Yet another question you never asked, but now that I mention it, yeah, that's a good point.

You know how, when you put a stethoscope to someone's chest, you hear a thump-thump? (Or lub-dub or da dum or whatever you wish to call it). Or if you haven't done it, you are familiar with what I'm talking about. Now if what we hear is the heart contracting, why are there two thumps and not one? Check your pulse at the wrist or neck - you only feel one thump per heart beat.

Well, the reason is that what you hear in the stethoscope is not the heart contracting. (You can't hear a muscle contracting, otherwise you'd be thumping all over the place when you eat, walk, etc.) It is the valves closing. Let me explain a bit about the cardiac cycle: the top chambers of the heart are called the atria and the bottom chambers are called the ventricles. The job of the atria is to receive blood from the veins, while the job of the ventricles is to push blood out of the heart. The left atrium receives blood from the lungs and the right atrium receives blood from the rest of the body. The left ventricle sends 'new' (oxygenated) blood to the body (through the aorta), and the right ventricle sends 'used' (deoxygenated) blood to the lungs, via the pulmonary artery.

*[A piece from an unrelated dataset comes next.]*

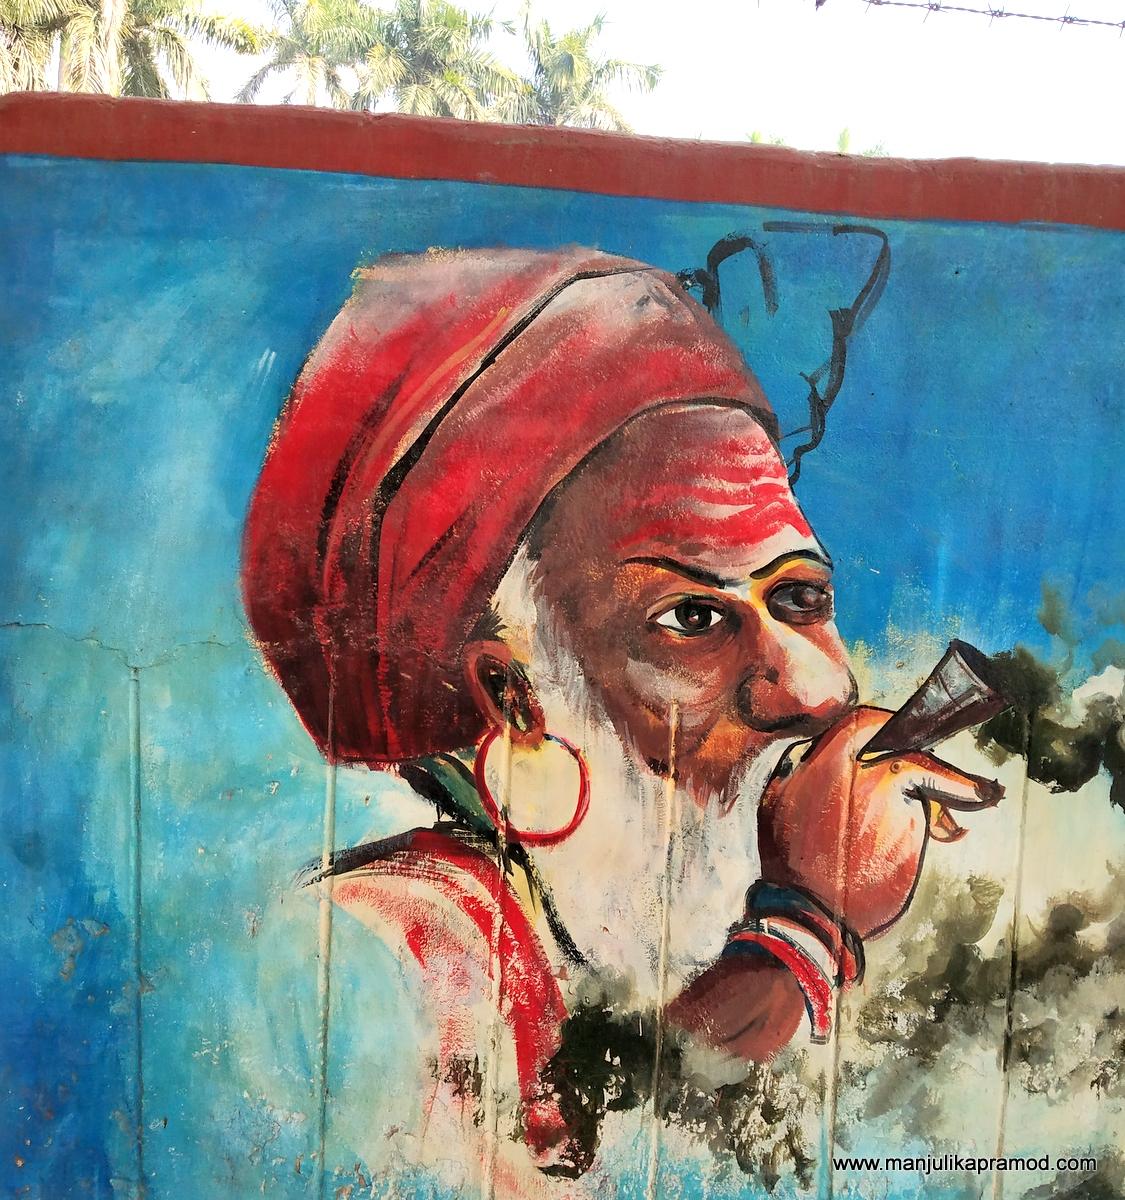 A street art showing a saint in Varanasi.
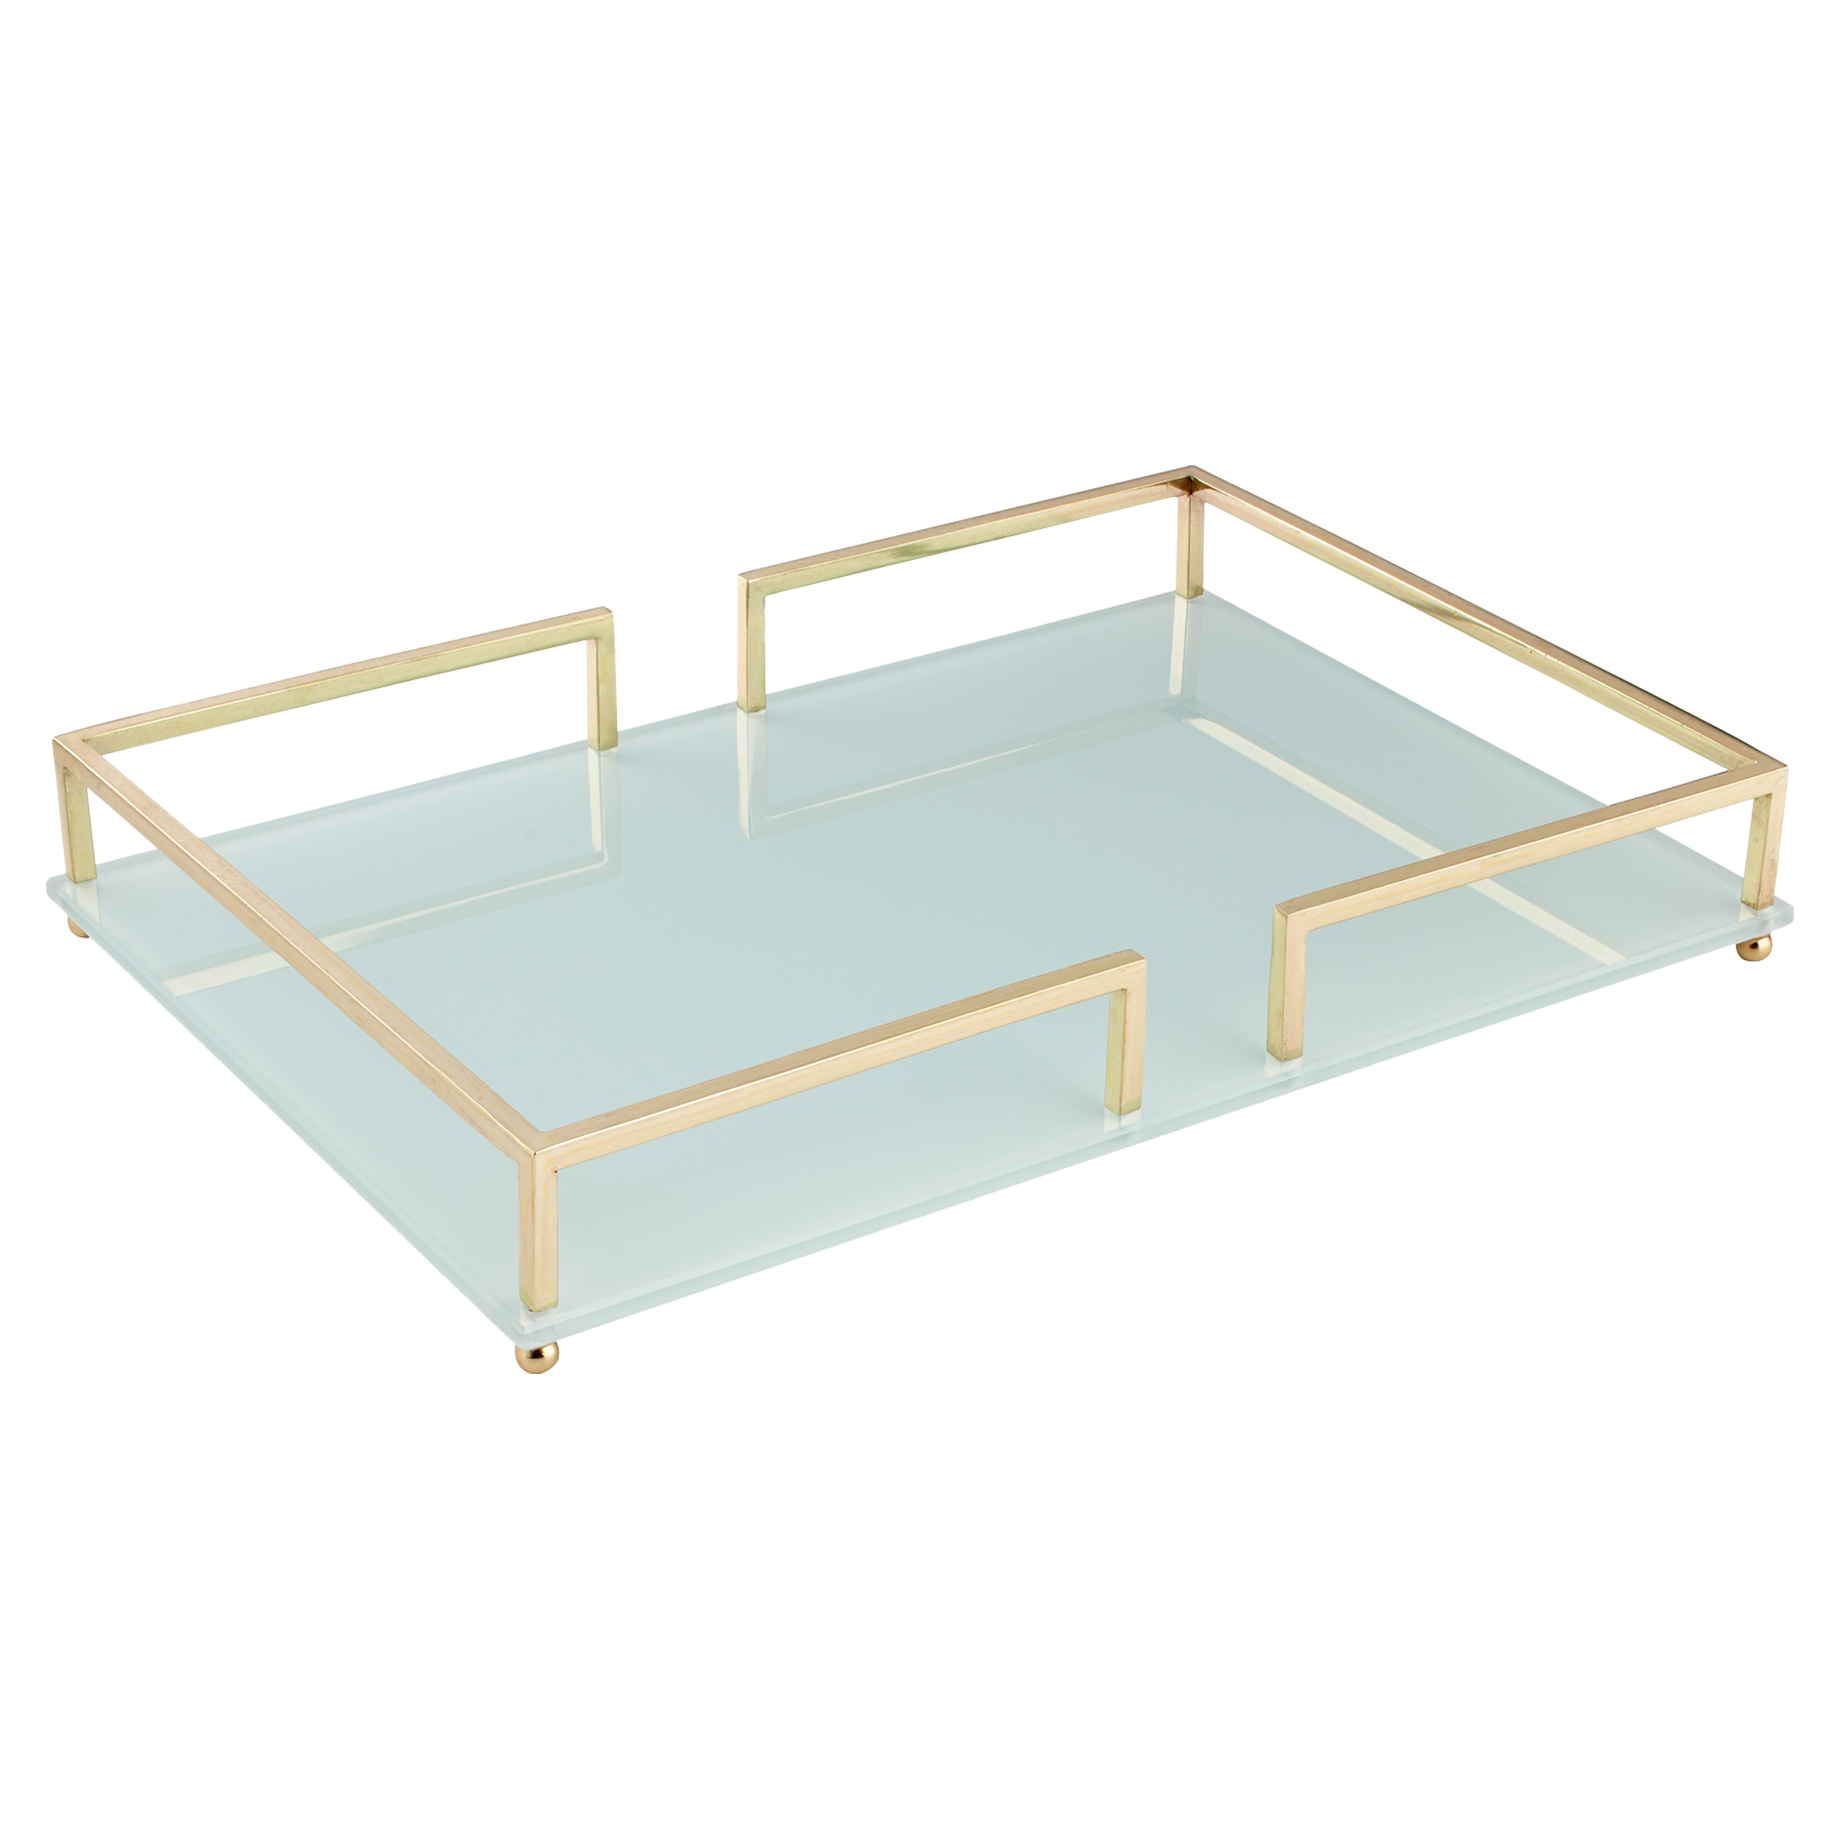 Tima Modern Classic Ice Blue Gold Trim Tray - L

Between the atria and the ventricles are valves called the atrio-ventricular valves (AV valves) - which are the mitral valve between the left atrium and the left ventricle, and the tricuspid valve between the right atrium and the right ventricle. Between the ventricles and their respective arteries there are valves called the aortic and the pulmonic valves.

In the cardiac cycle, the atria contract and push blood into the ventricles. A split second after the atria contract, the ventricles begin to contract. As the pressure in the ventricles increases, the AV valves close, to prevent blood from flowing backwards. The sound made by the AV valves closing is the first thump of the heart beat. The ventricles contract and push blood out through the arteries. The ventricles then relax, and the aortic and pulmonic valves shut down, to keep the blood from flowing back into the heart. The sound of these valves closing causes the second thump.

The atria then fill up again with blood flowing to them from veins, to begin the next cardiac cycle.